Start of Block

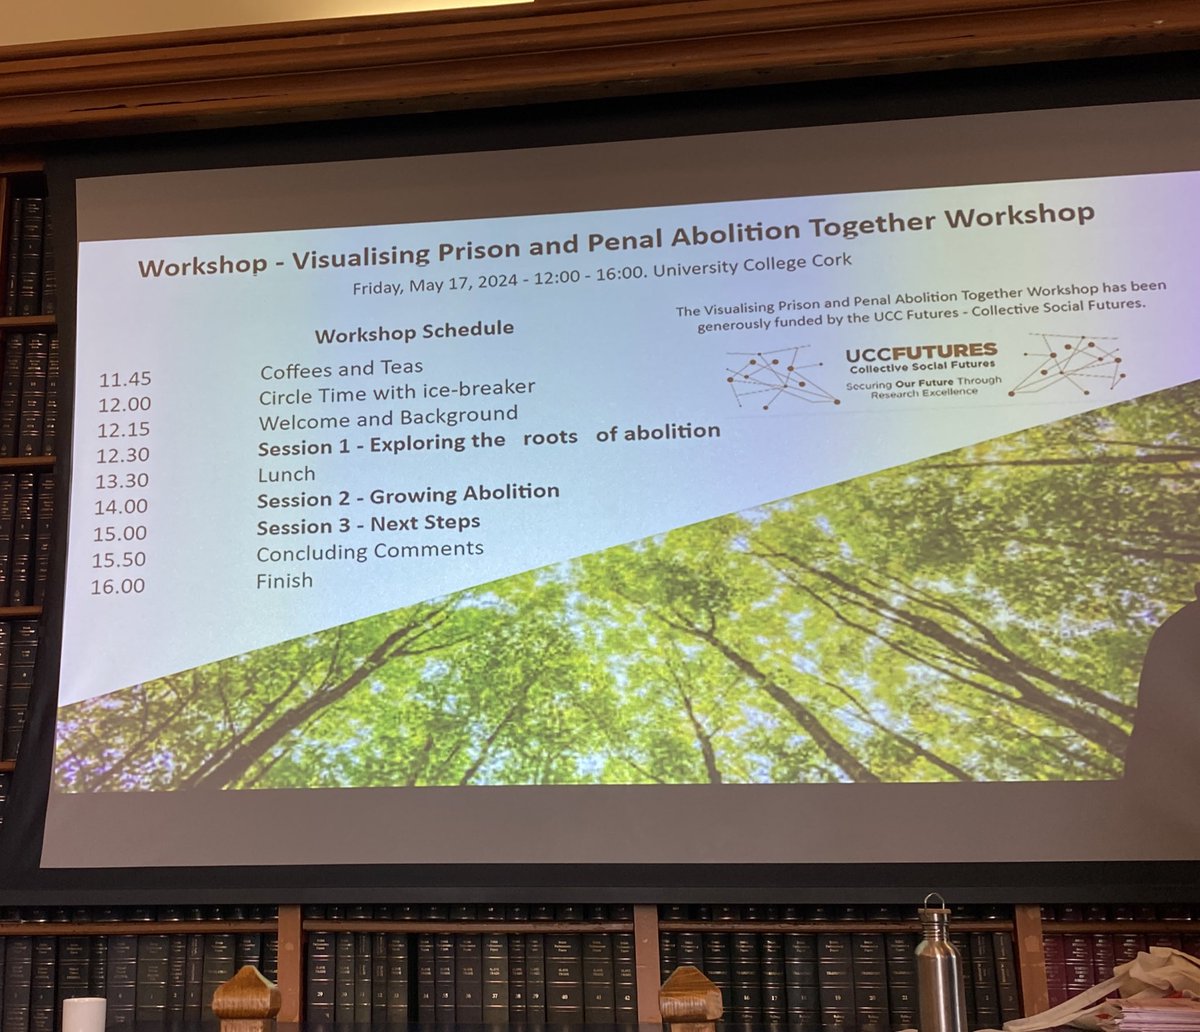 Thought provoking day yesterday at the first of many meetings to develop a Prison & Penal Abolition network here in Ireland—grateful for a space to think about what we can build, grow, & repair when we come together to imagine a more just collective future 🌱 Interested? Join us!
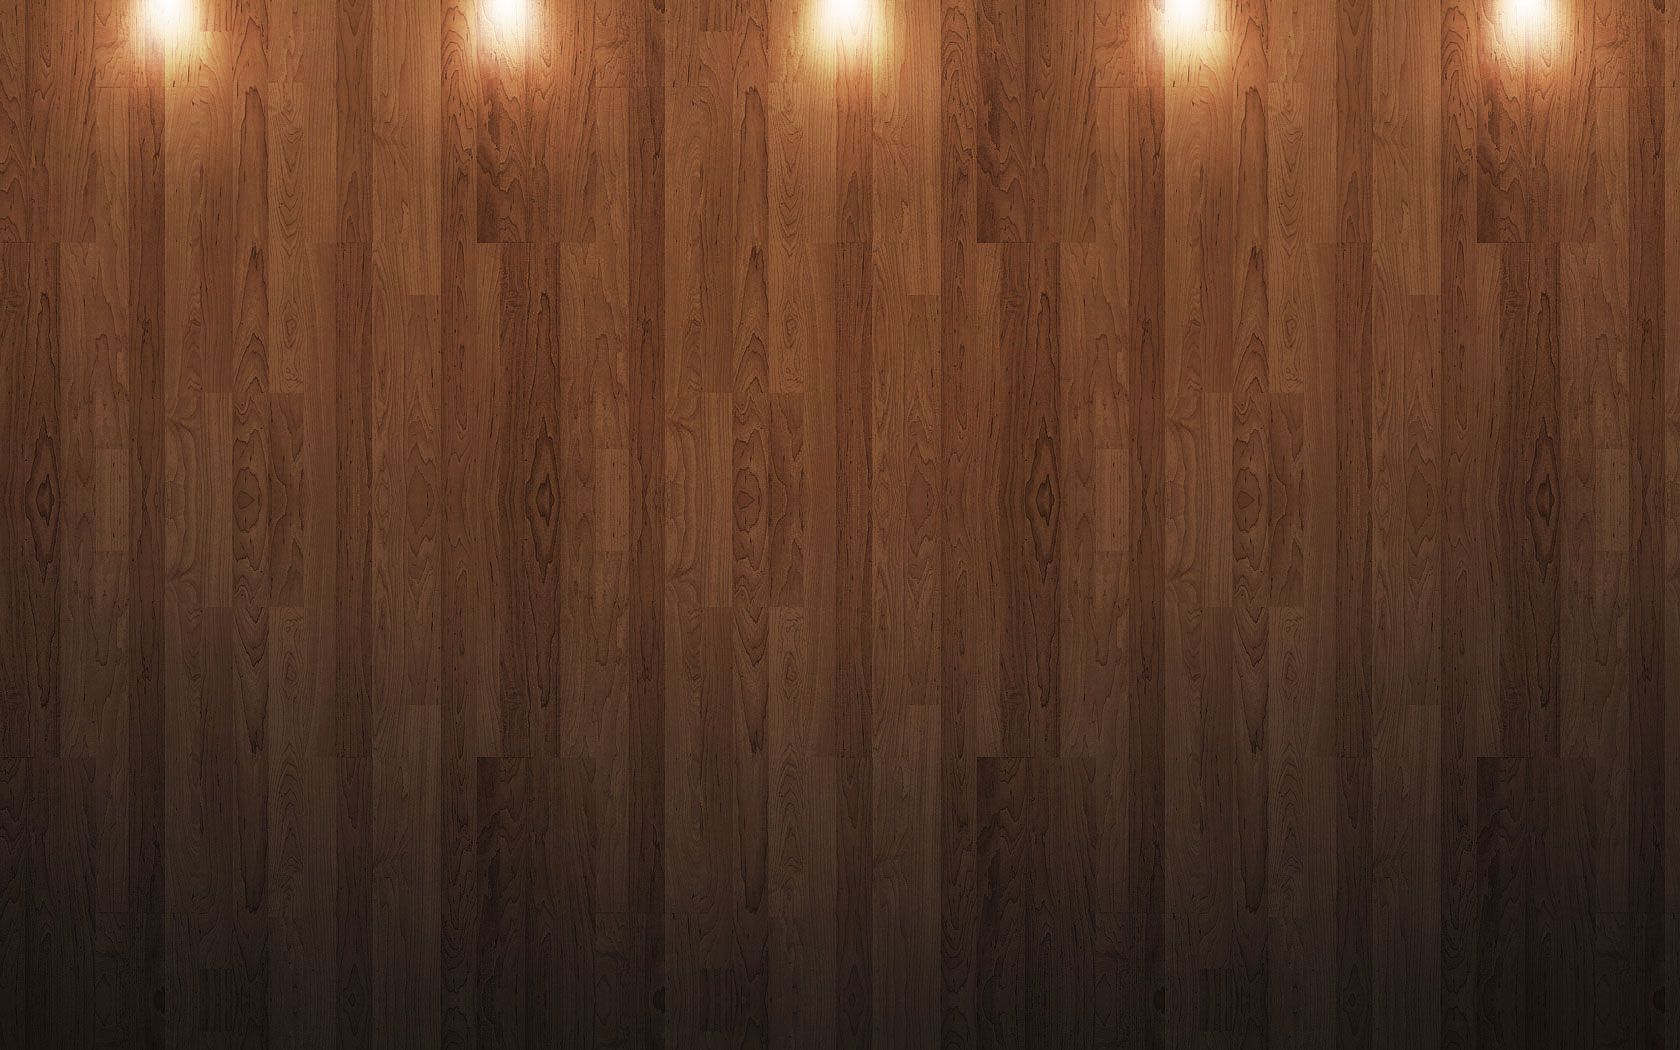 Full HD Wallpapers + Backgrounds, Wood, Spotlights, Brown, by ...
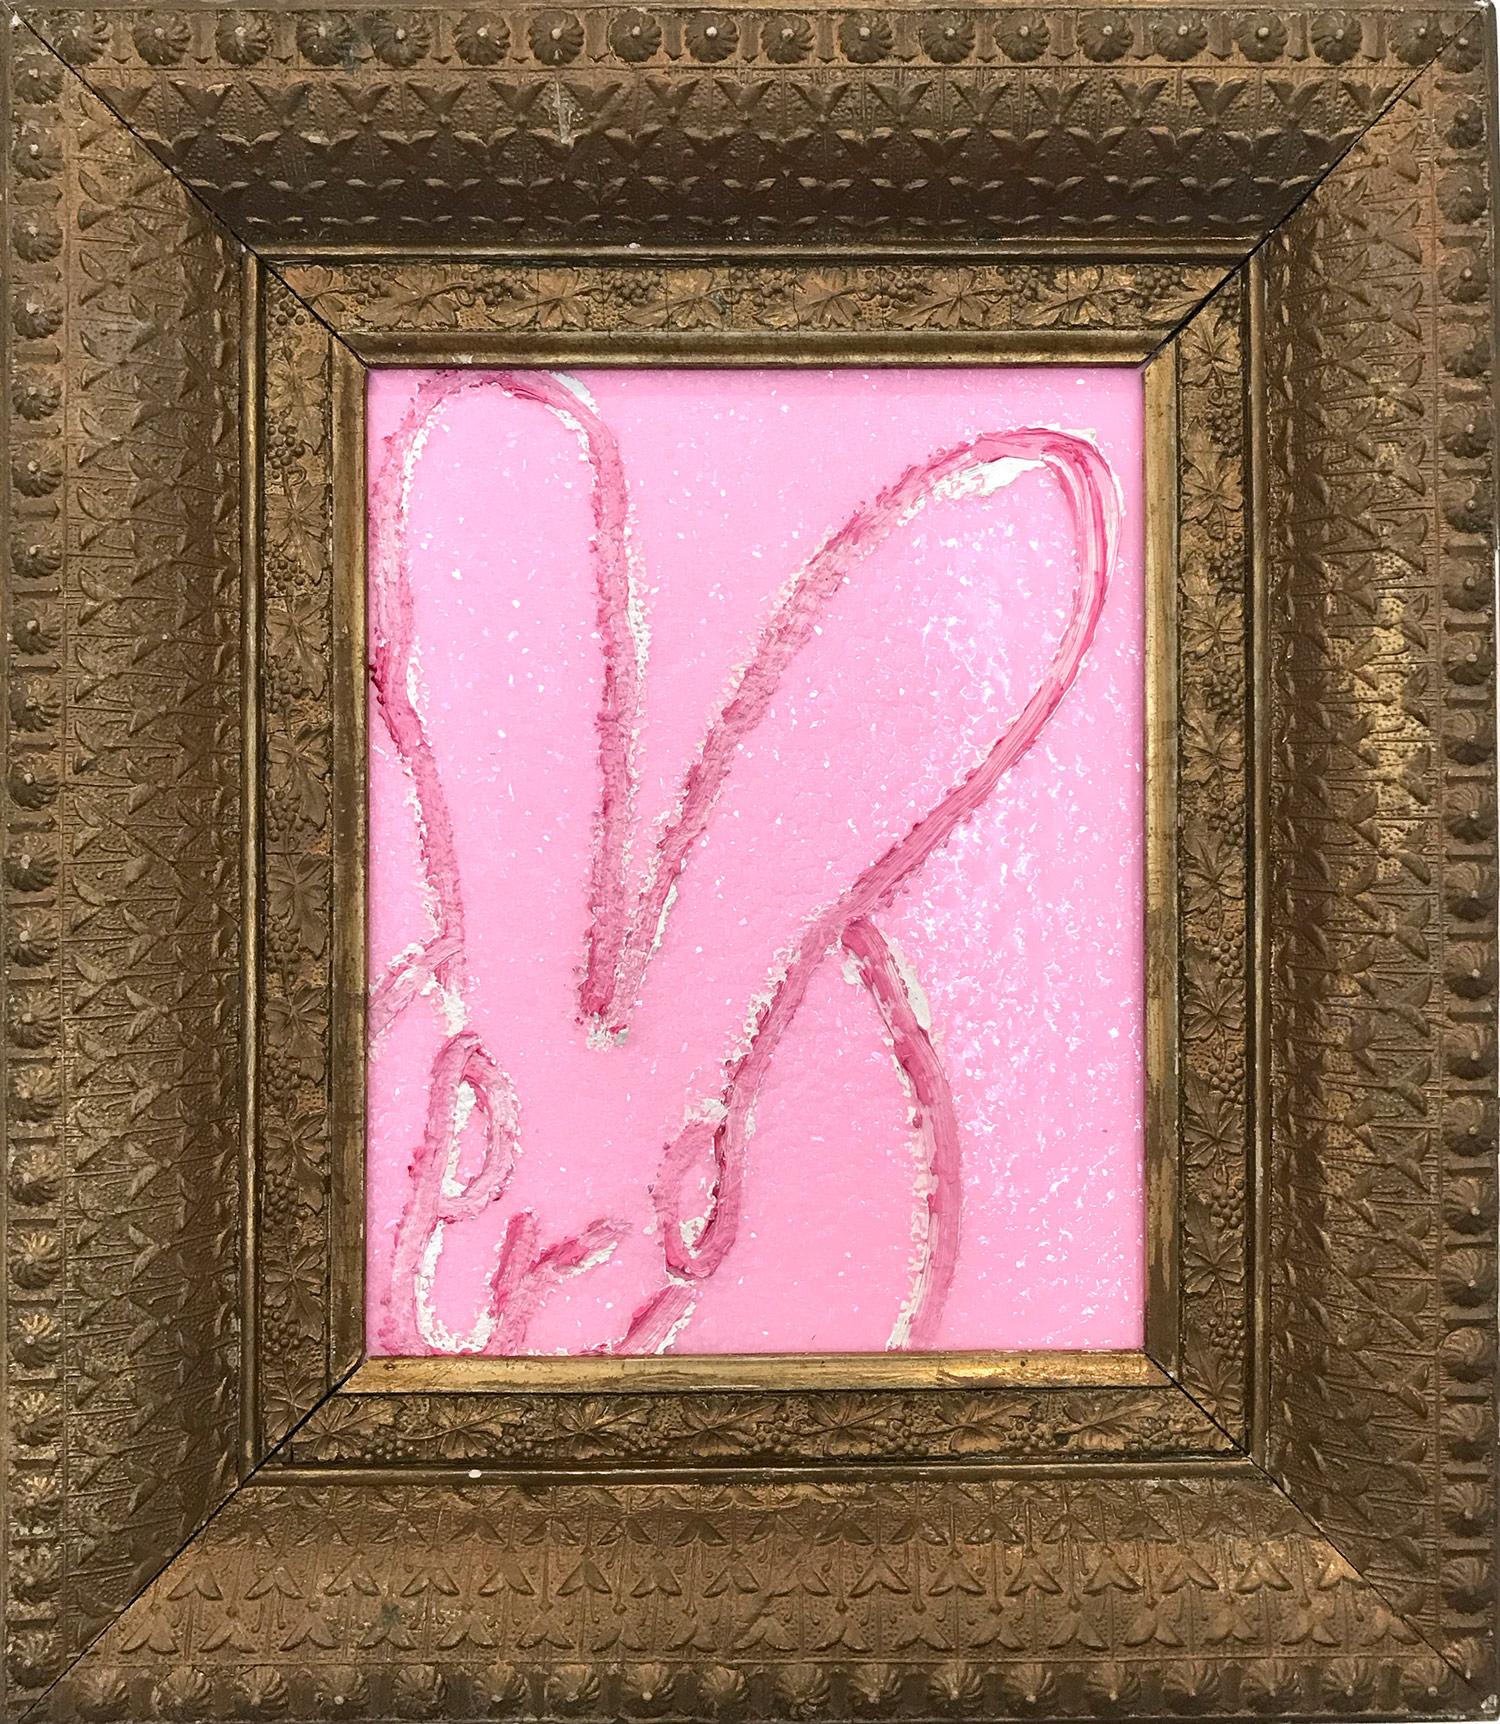 Hunt Slonem Abstract Painting - "Pink Diamond" (Resin and Diamond Dust Bunny on Pink) Oil Painting on Wood Panel

End of Block

** AIM OF THE TASK **
Excluding pictures, copy exactly the lines from the line containing "Full HD Wallpapers" through the last line of the data, inclusive.

** SOLUTION FOR THIS TASK **
 Full HD Wallpapers + Backgrounds, Wood, Spotlights, Brown, by ...
 Hunt Slonem Abstract Painting - "Pink Diamond" (Resin and Diamond Dust Bunny on Pink) Oil Painting on Wood Panel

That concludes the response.